▶ [Task statement]:
Please output the data exactly, minus pictures.

▶ [Recorded data]:
BEGIN

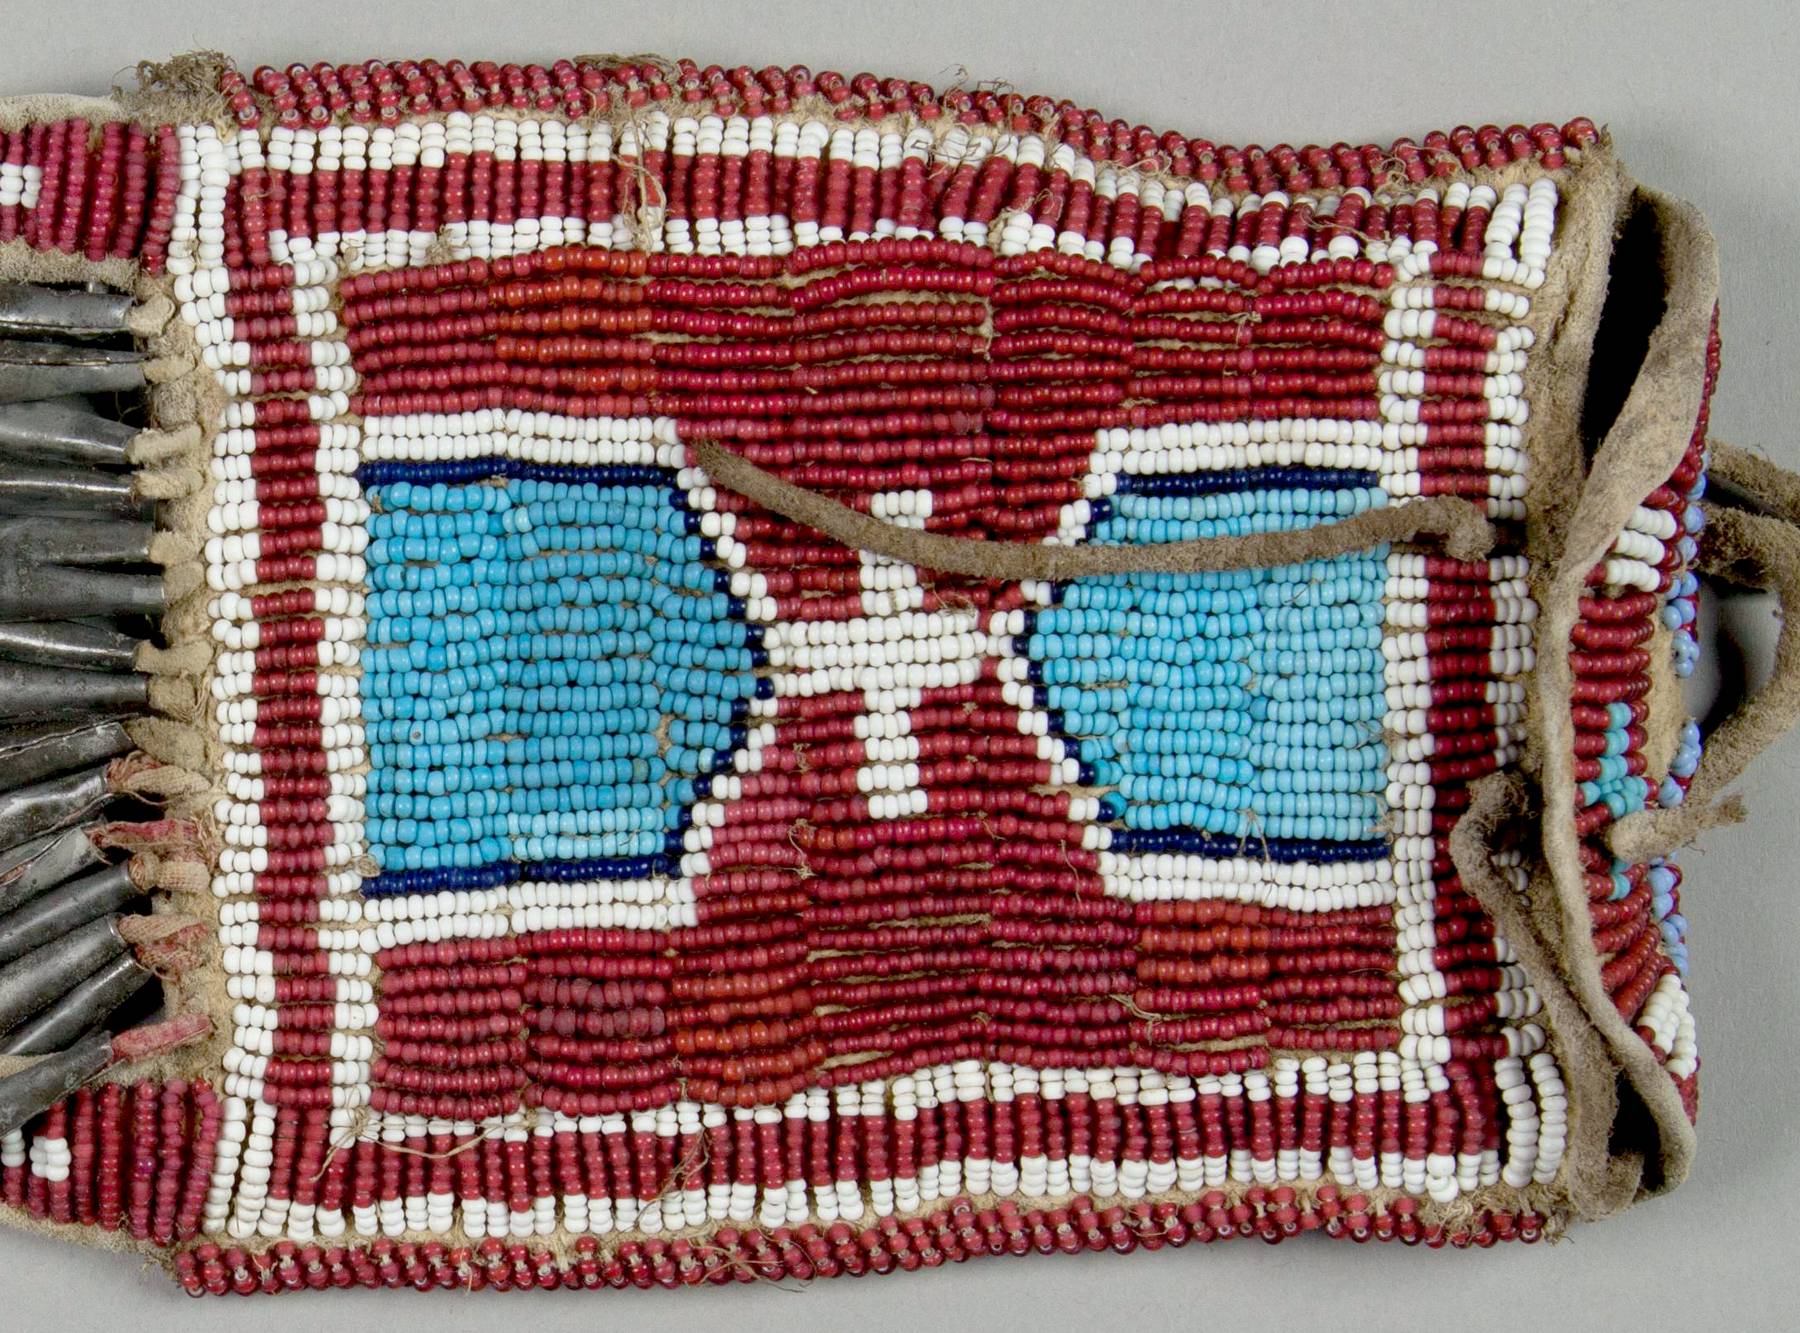 A strike a light bag from NMNH. Its background is beaded with red white inside seed beads. At the upper part of the picture, the white centers are revealed.
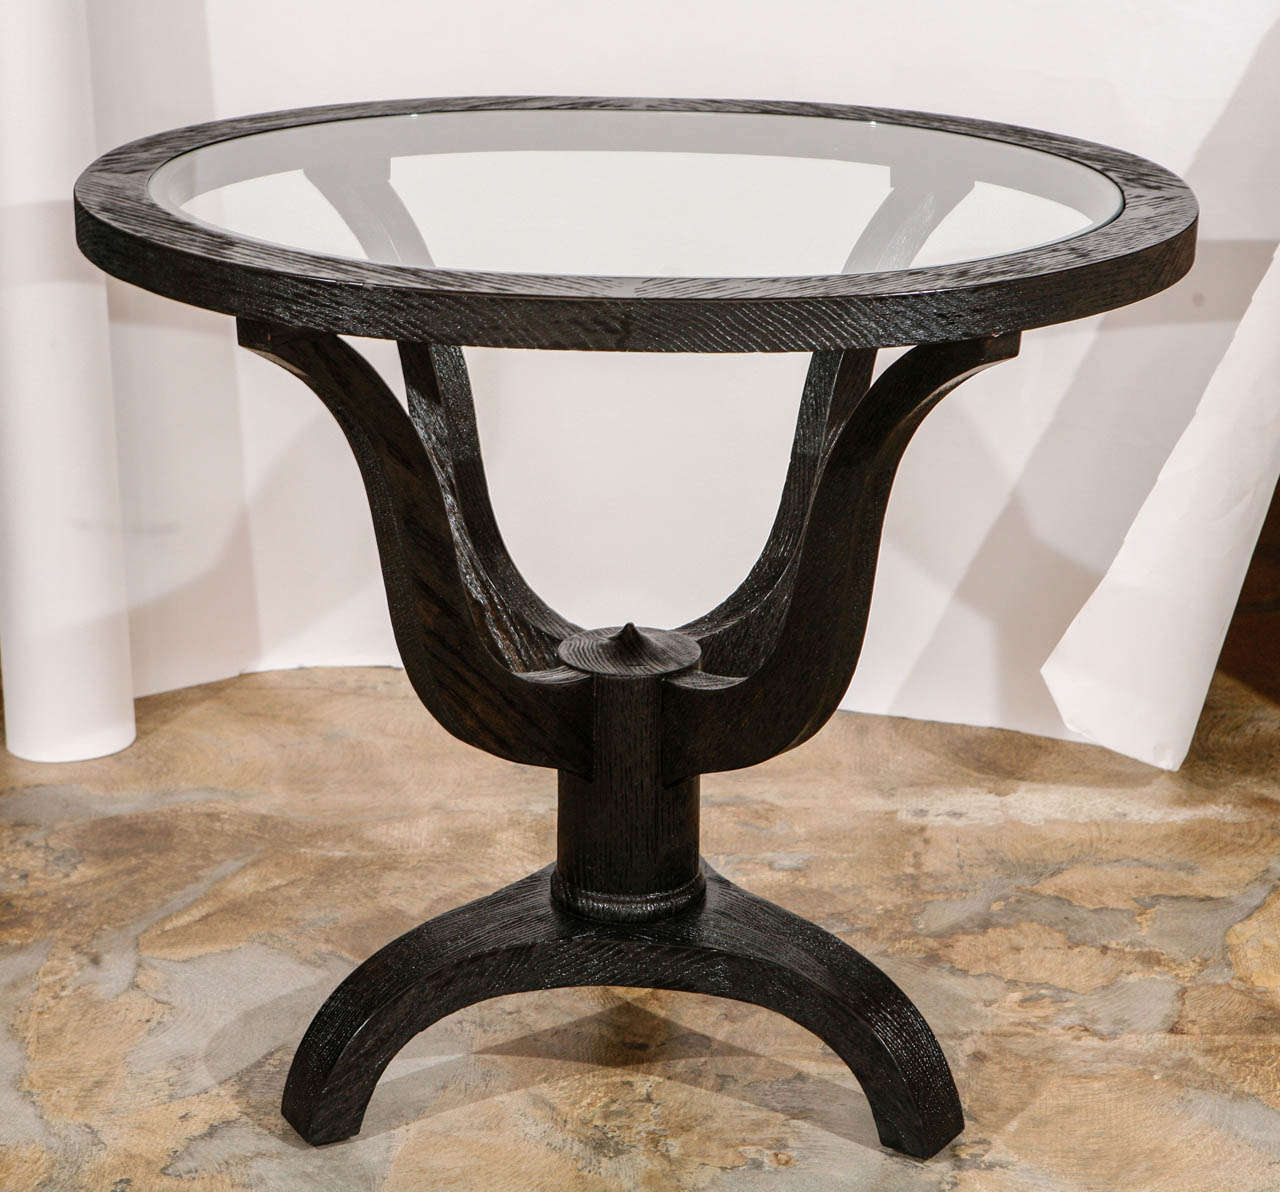 Larger oval oak side table (or smaller center table) has been finished in distressed ebony and with inset glass top.
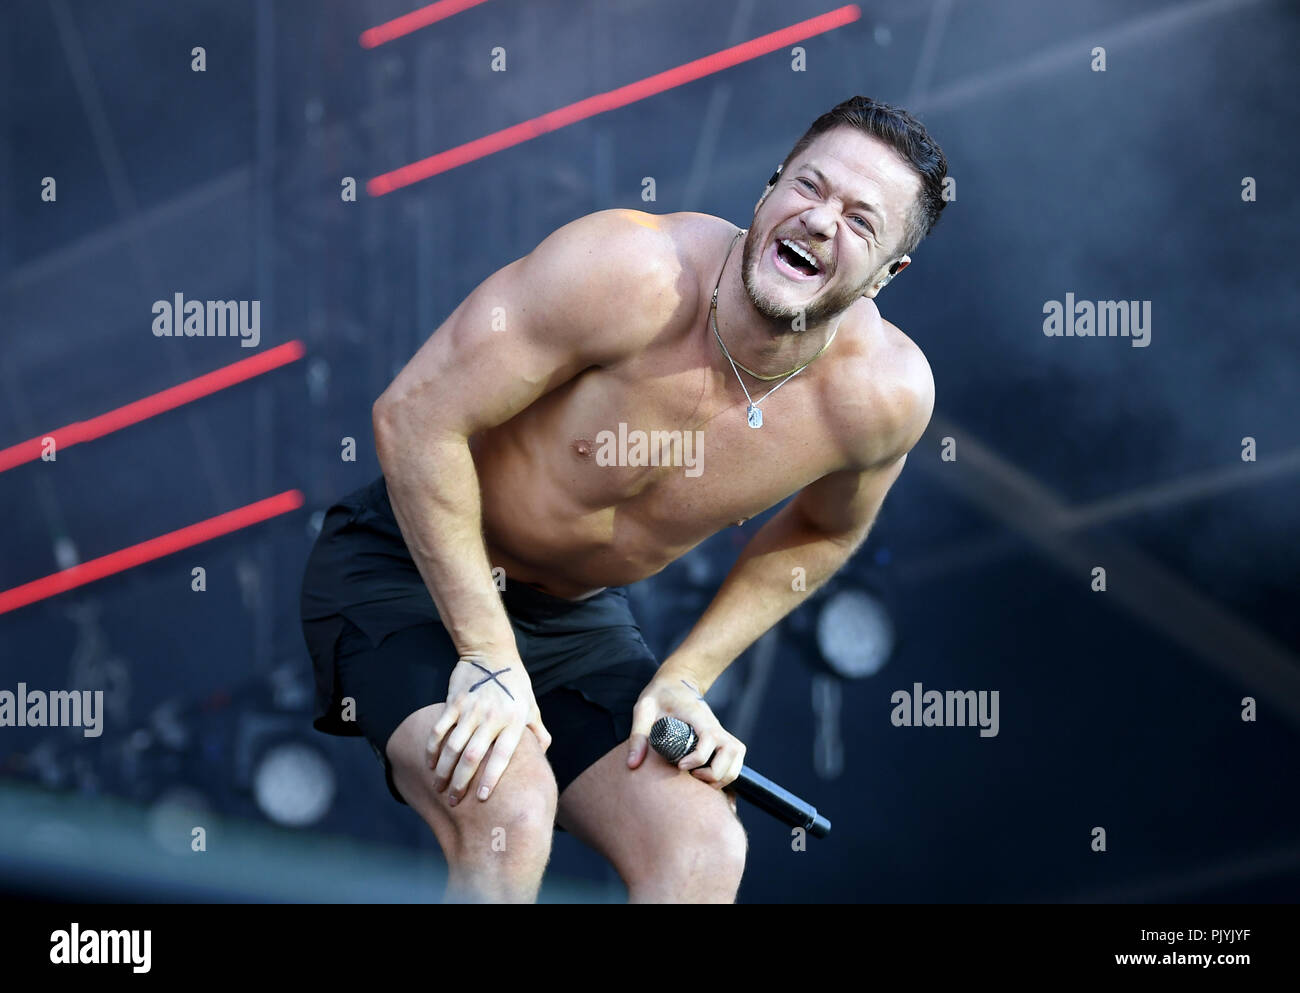 Berlin, Germany. 09th Sep, 2018. Dan Reynolds, singer of the American rock band Imagine Dragons, performing on stage at the music festival Lollapalooza on the grounds of the Olympic Park. Credit: Britta Pedersen/dpa-Zentralbild/dpa/Alamy Live News Stock Photo

END

▶ [Solved exercise]:
 A strike a light bag from NMNH. Its background is beaded with red white inside seed beads. At the upper part of the picture, the white centers are revealed.
 Larger oval oak side table (or smaller center table) has been finished in distressed ebony and with inset glass top.
 Berlin, Germany. 09th Sep, 2018. Dan Reynolds, singer of the American rock band Imagine Dragons, performing on stage at the music festival Lollapalooza on the grounds of the Olympic Park. Credit: Britta Pedersen/dpa-Zentralbild/dpa/Alamy Live News Stock Photo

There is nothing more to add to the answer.